Wie mein Vater die Wahrheit kennenlernte
Judge (zu deutsch: „Richter“) erhielt seinen ungewöhnlichen Namen sogleich nach der Geburt. Als sein Vater ihn zum ersten Mal sah, sagte er: „Das Kind guckt so ernst wie ein Richter“, und so wurde er dann genannt. Im Jahr 1917 — Vati war gerade 16 Jahre alt — gab ihm jemand die Traktate Where are the Dead? (Wo sind die Toten?) und What Is the Soul? (Was ist die Seele?), herausgegeben von der Watch Tower Bible and Tract Society. Sein Vater war zwei Jahre zuvor gestorben, und die Traktate enthielten Antworten auf seine Fragen über den Zustand der Toten. Kurz darauf fing er an, die Zusammenkünfte der Bibelforscher zu besuchen, wie Jehovas Zeugen damals genannt wurden.

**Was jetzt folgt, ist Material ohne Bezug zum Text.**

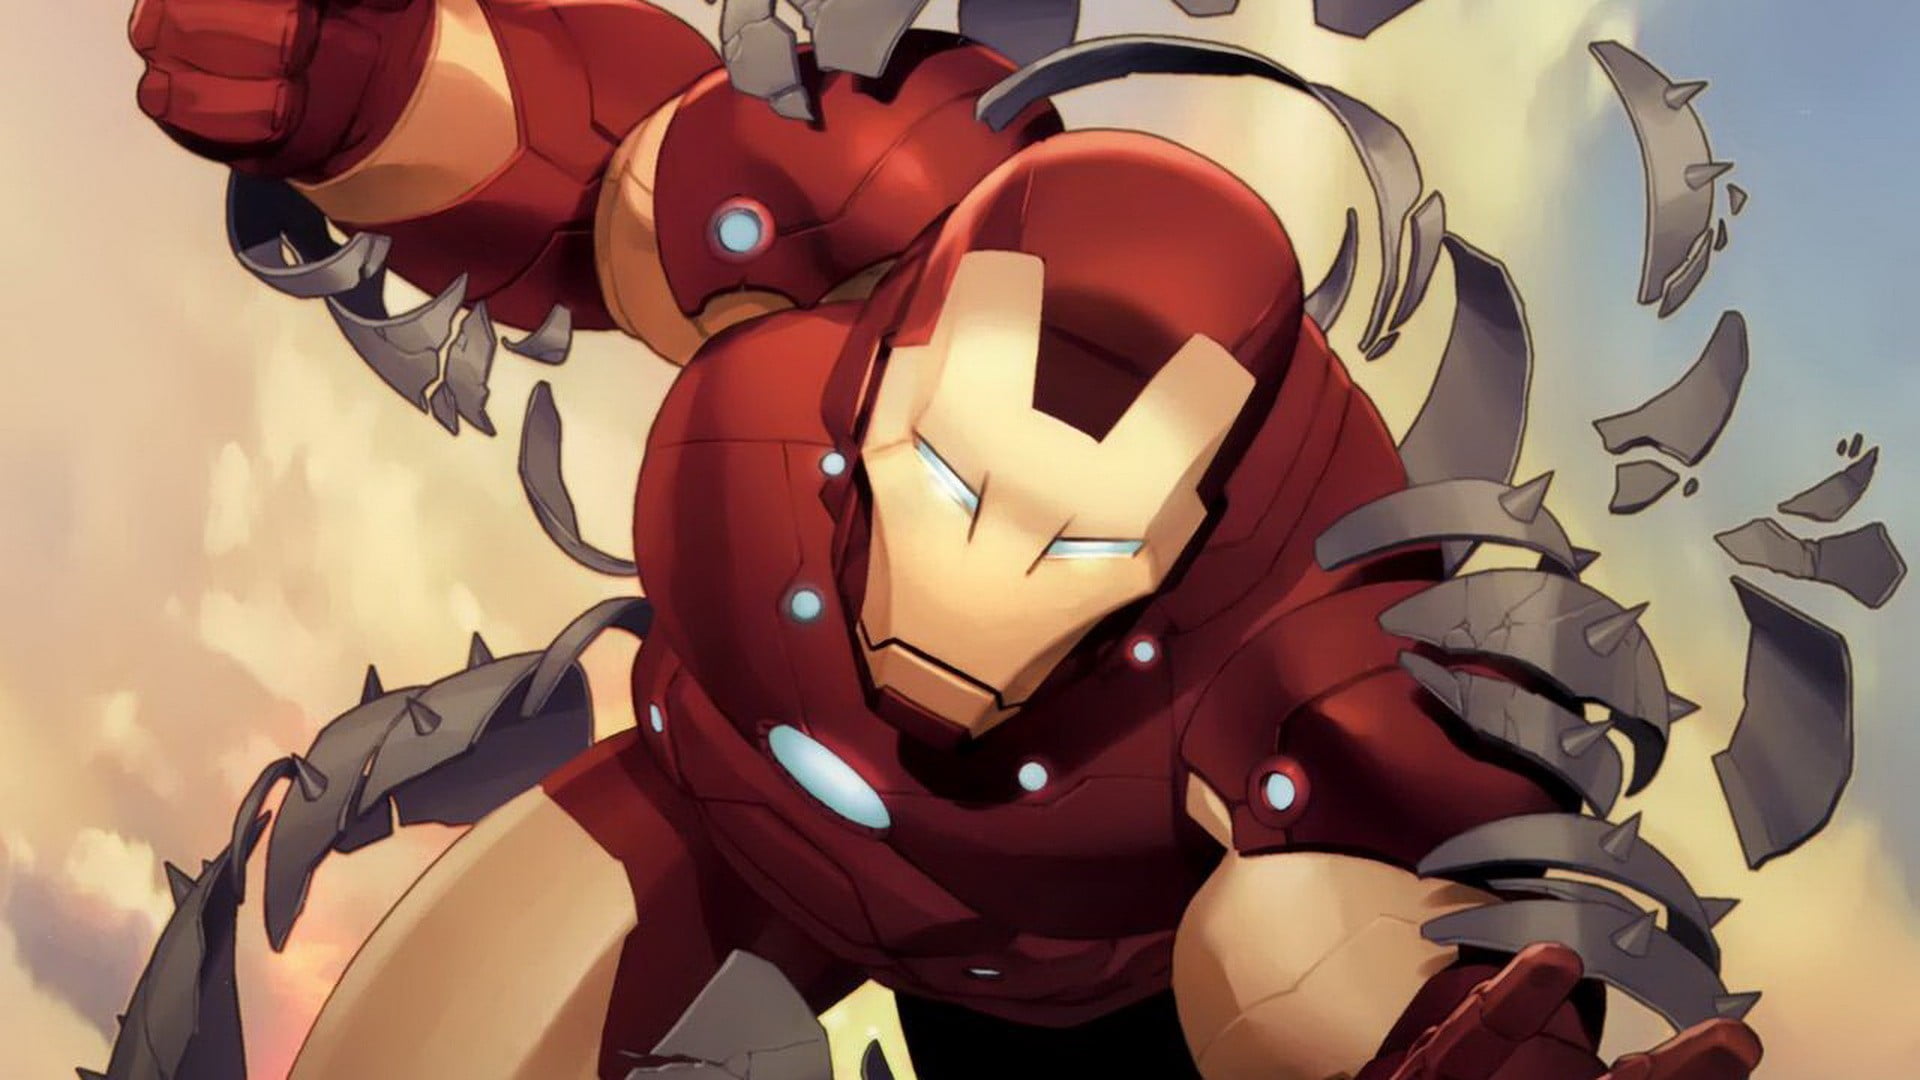 Iron Man wallpaper, Marvel Comics, superhero, sky, headwear, red

Sofort wollte Vati sich an der Tätigkeit der Versammlung beteiligen. Er ließ sich ein Gebiet geben, wo er predigen konnte, und nach der Schule fuhr er mit dem Fahrrad dorthin und verteilte Traktate. Er ging völlig darin auf, mit anderen über die Königreichsbotschaft zu sprechen, und am 24. März 1918 symbolisierte er seine Hingabe an Jehova durch die Wassertaufe.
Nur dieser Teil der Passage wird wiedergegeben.